● WHAT TO PRODUCE:
Please print, exactly, only the lines in the entries below from the line that has "Ford-Blue-lg.jpg" through the line that has "Kotobukiya Bishoujo SDCC". Pictures don't go in.

● DATA IN THIS EXERCISE:
───
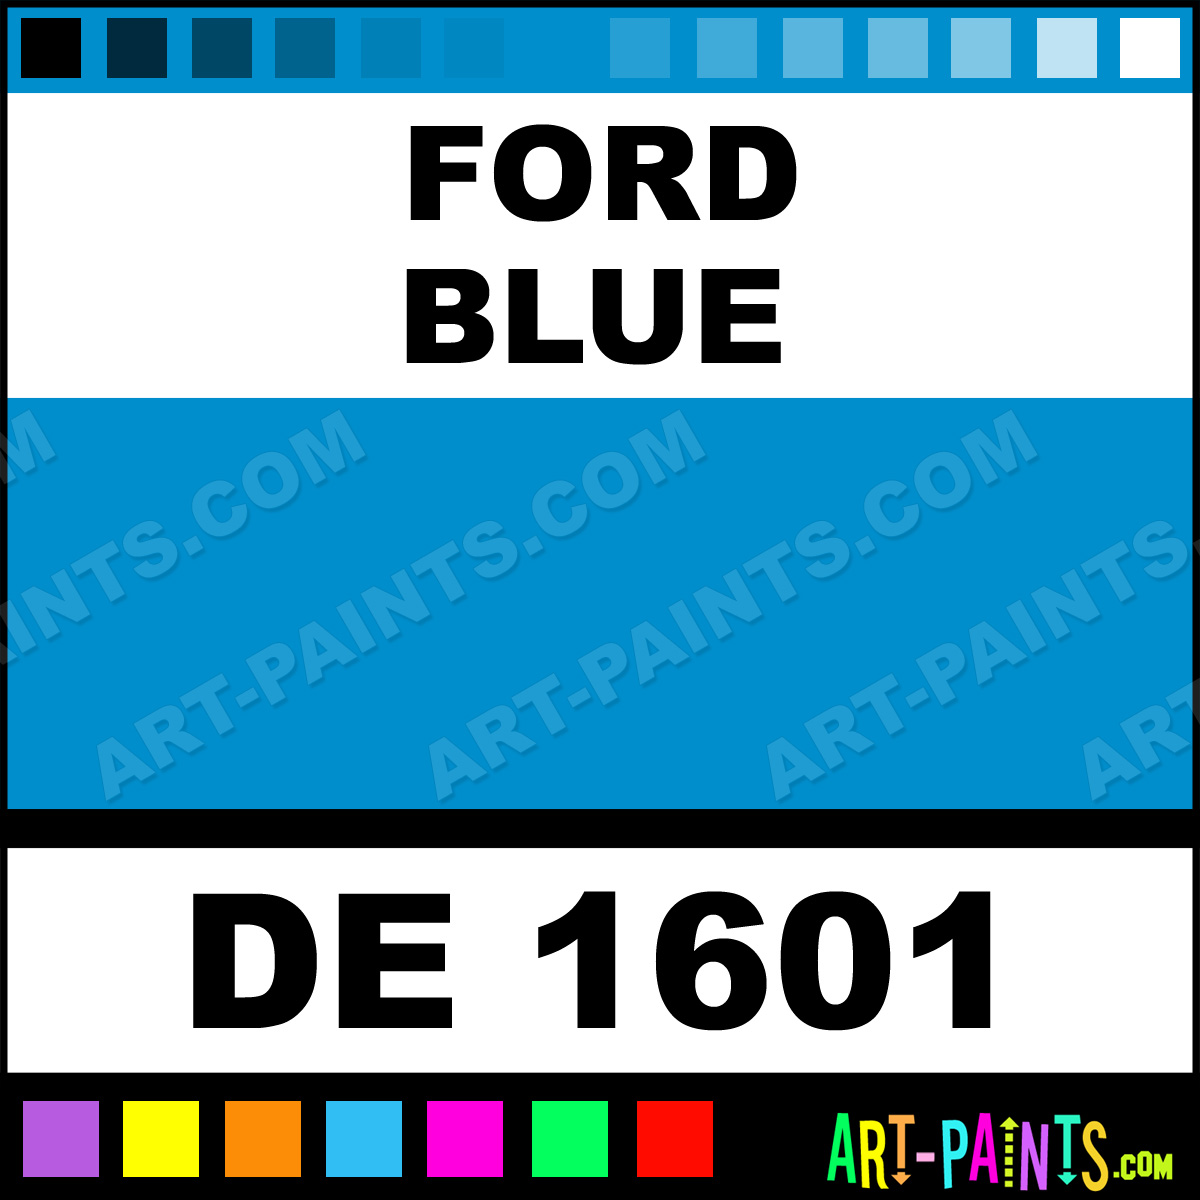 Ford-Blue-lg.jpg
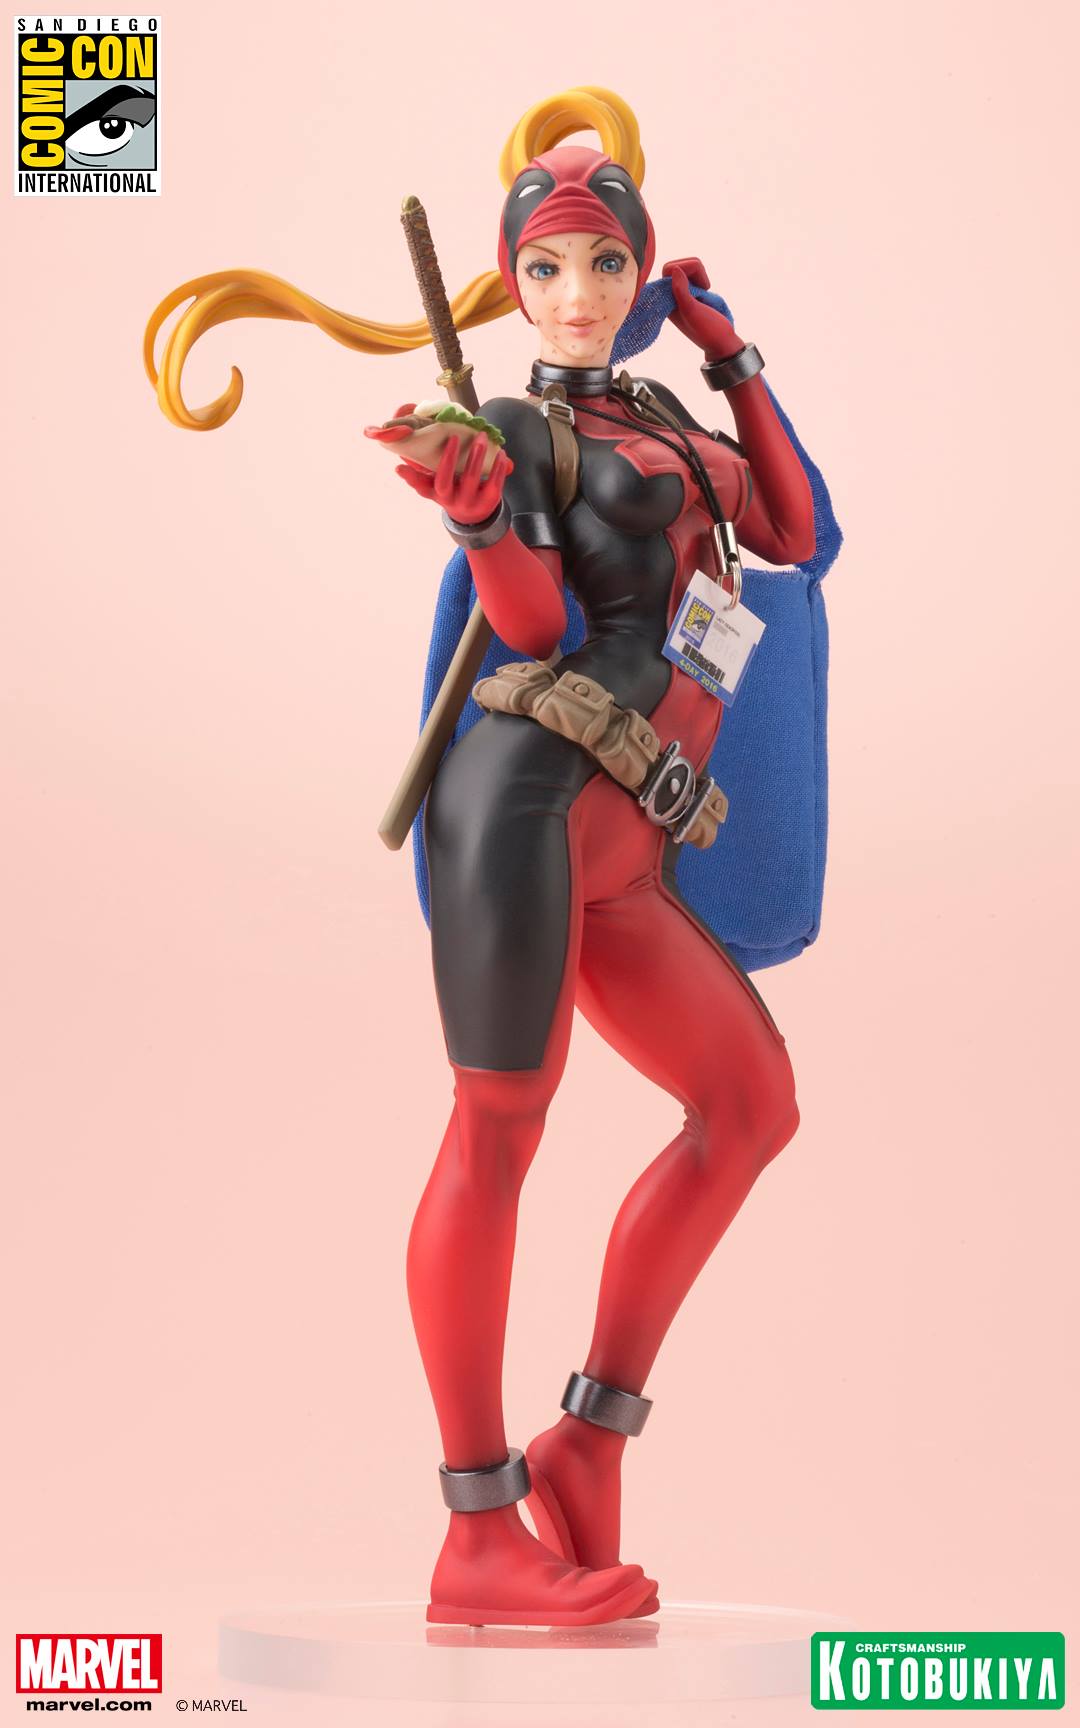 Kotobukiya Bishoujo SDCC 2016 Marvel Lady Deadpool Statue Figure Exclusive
───
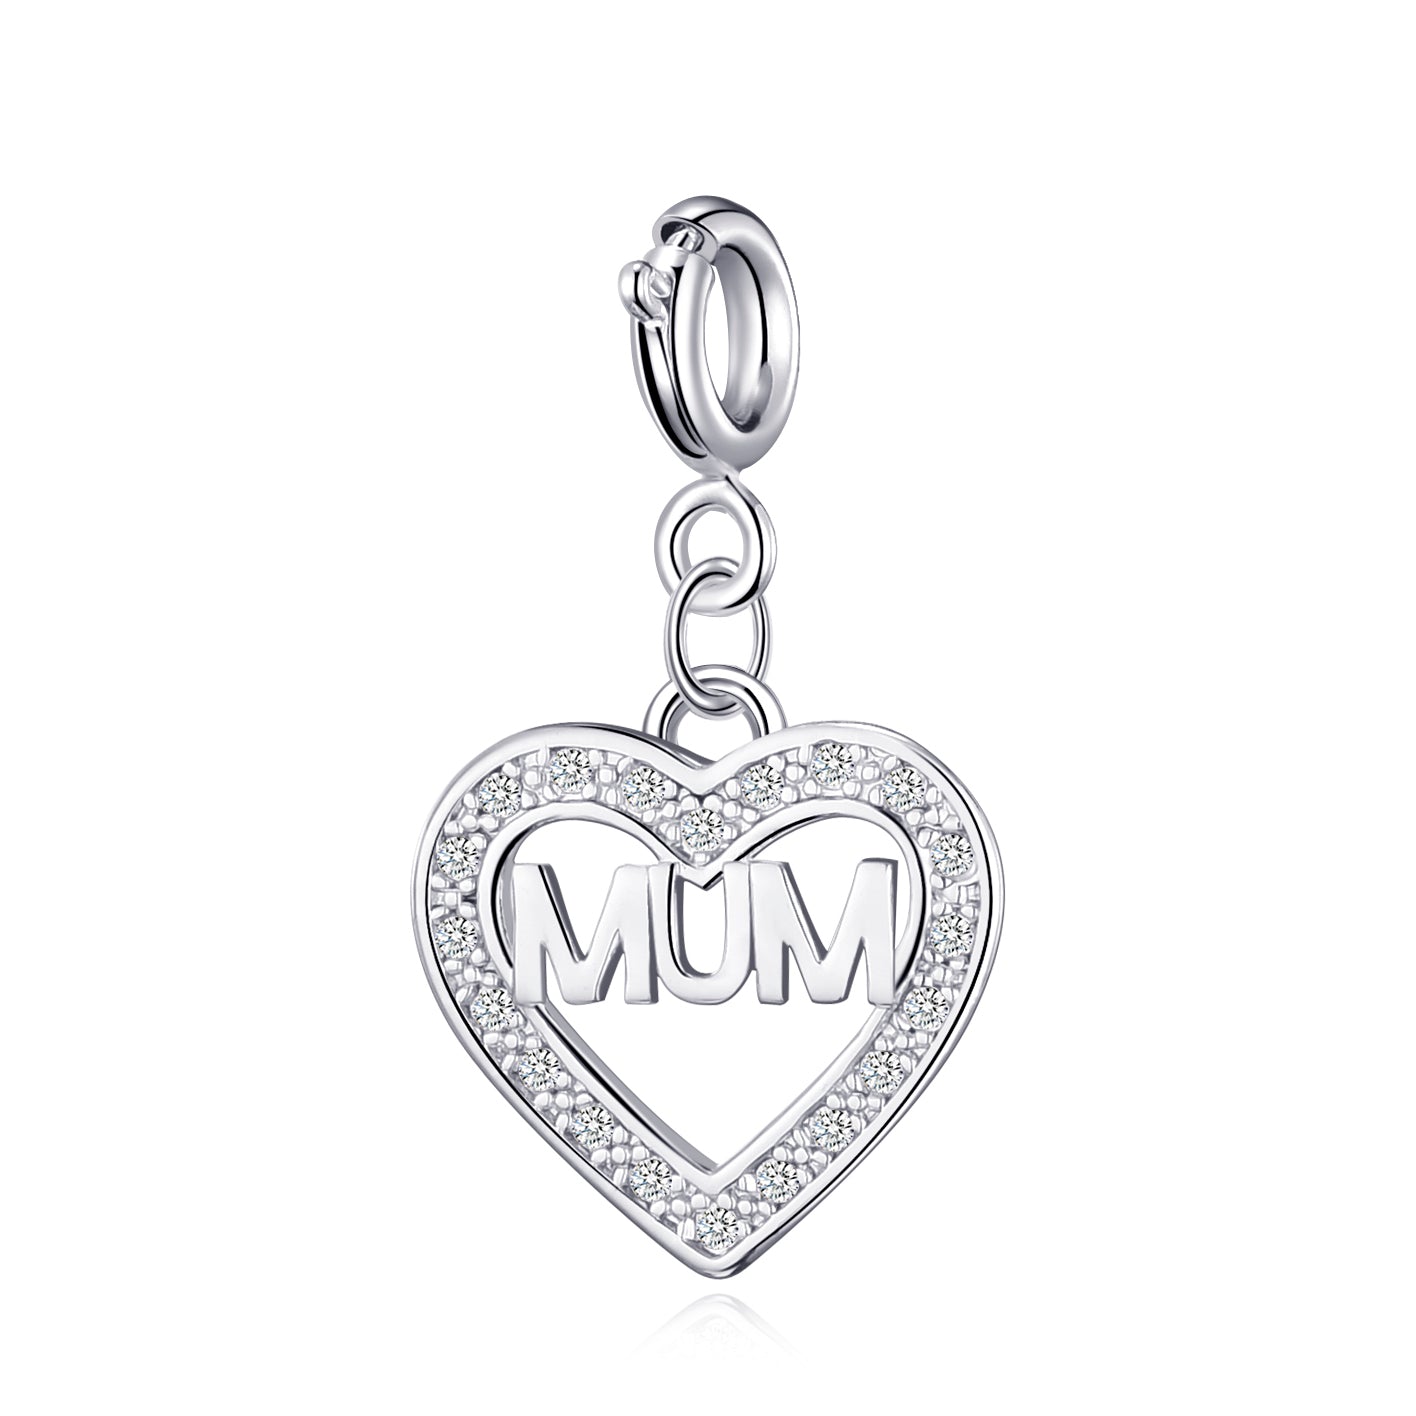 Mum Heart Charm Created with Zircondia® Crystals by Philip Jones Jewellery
───
● COMPLETED TASK:
 Ford-Blue-lg.jpg
 Kotobukiya Bishoujo SDCC 2016 Marvel Lady Deadpool Statue Figure Exclusive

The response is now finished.